I have a fairly simple discrete Markov Chain with a transition probability matrix that looks like this:
\begin{bmatrix}0&{n_1}&0&0&0&...\\ {n_2}&0&{n_3}&0&0&...\\ 0&{n_4}&0&{n_5}&0&...\\ ...&...&...&...&...&...\\ ...&0&0&0&n_k&0\end{bmatrix}
Basically, just a long line of states, all of which can go into a neighboring one (First one into second, second one into the first and the third and so on). I know all of transitional probabilities - for simplicity's sake, here I have replaced them with just ${n_i}$.
The problem here, is that I have N states - their amount may vary. I need to find a stationary distribution for this chain, and while making a system of N equations is trivial, I'm not sure how exactly I can solve it.
Is there, perhaps, an easier way to find a stationary distribution of such a chain?

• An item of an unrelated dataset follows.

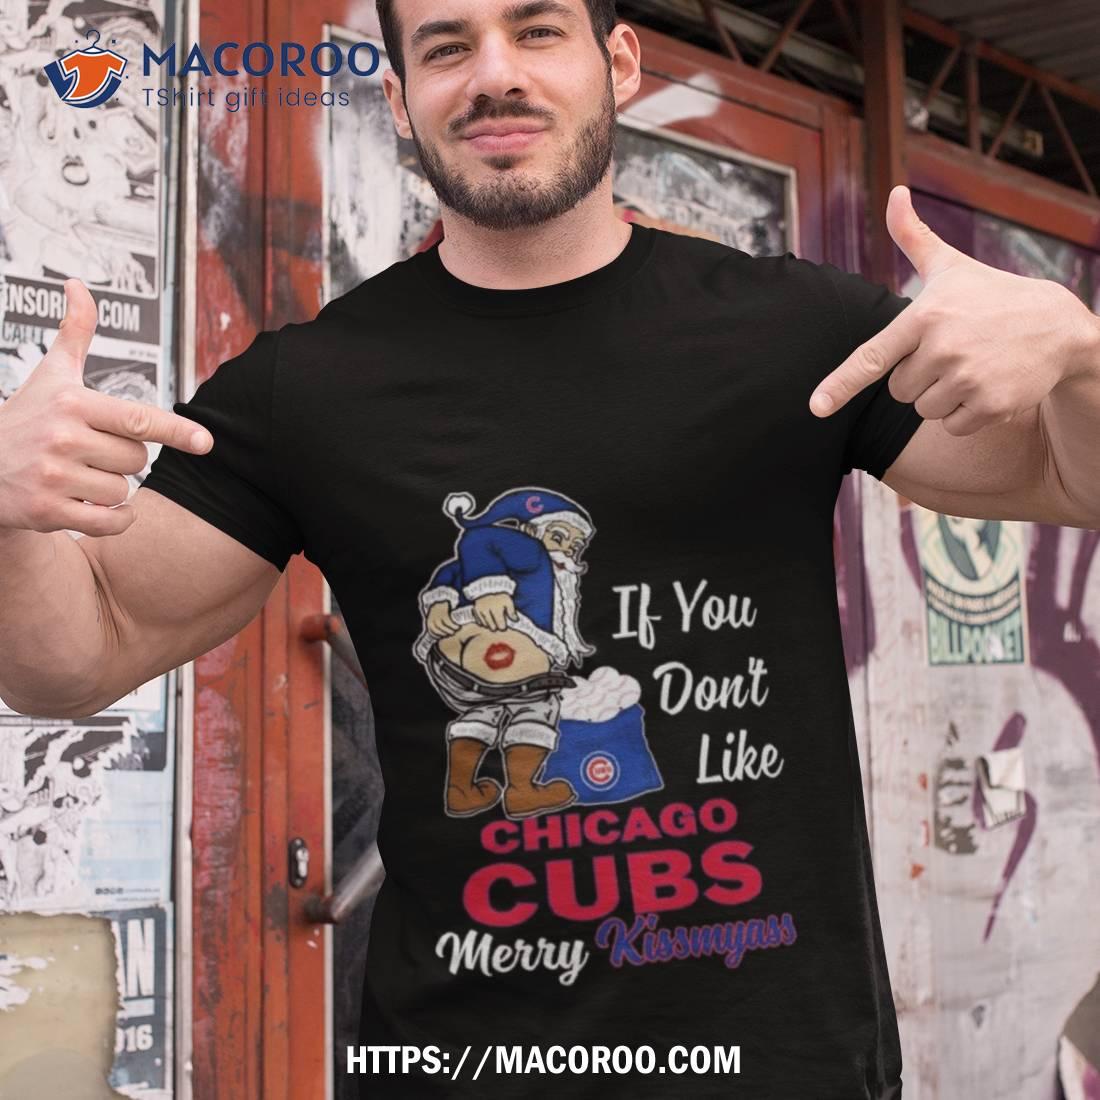 Kiss: Chicago Cubs T-Shirt

Or I should just bruteforce it with an equation system?
Hint
Assuming your transition matrix is row-stochastic, you must have $\ n_1=n_k=1\ $ and $\ n_{2i+1}=1-n_{2i}\ .$ If $\ \pi\ $ is the stationary distribution, then the first and last equations of $$ \pi^T\begin{bmatrix}0&{n_1}&0&0&0&...\\ {n_2}&0&{n_3}&0&0&...\\ 0&{n_4}&0&{n_5}&0&...\\ ...&...&...&...&...&...\\ ...&0&0&0&n_k&0\end{bmatrix}=\pi^T $$ give you $\ \pi_2=\pi_ 1\ $ and $\ \pi_{k-1}=\pi_k\ .$ The second of the equations gives \begin{align} n_2\pi_1+n_3\pi_3&=\pi_2\\ &=n_2\pi_2+(1-n_2)\pi_3\ , \end{align} from which you get $\ \pi_3=\pi_2\ .$ Does that suggest a guess for the remaining entries of $\ \pi\ ?$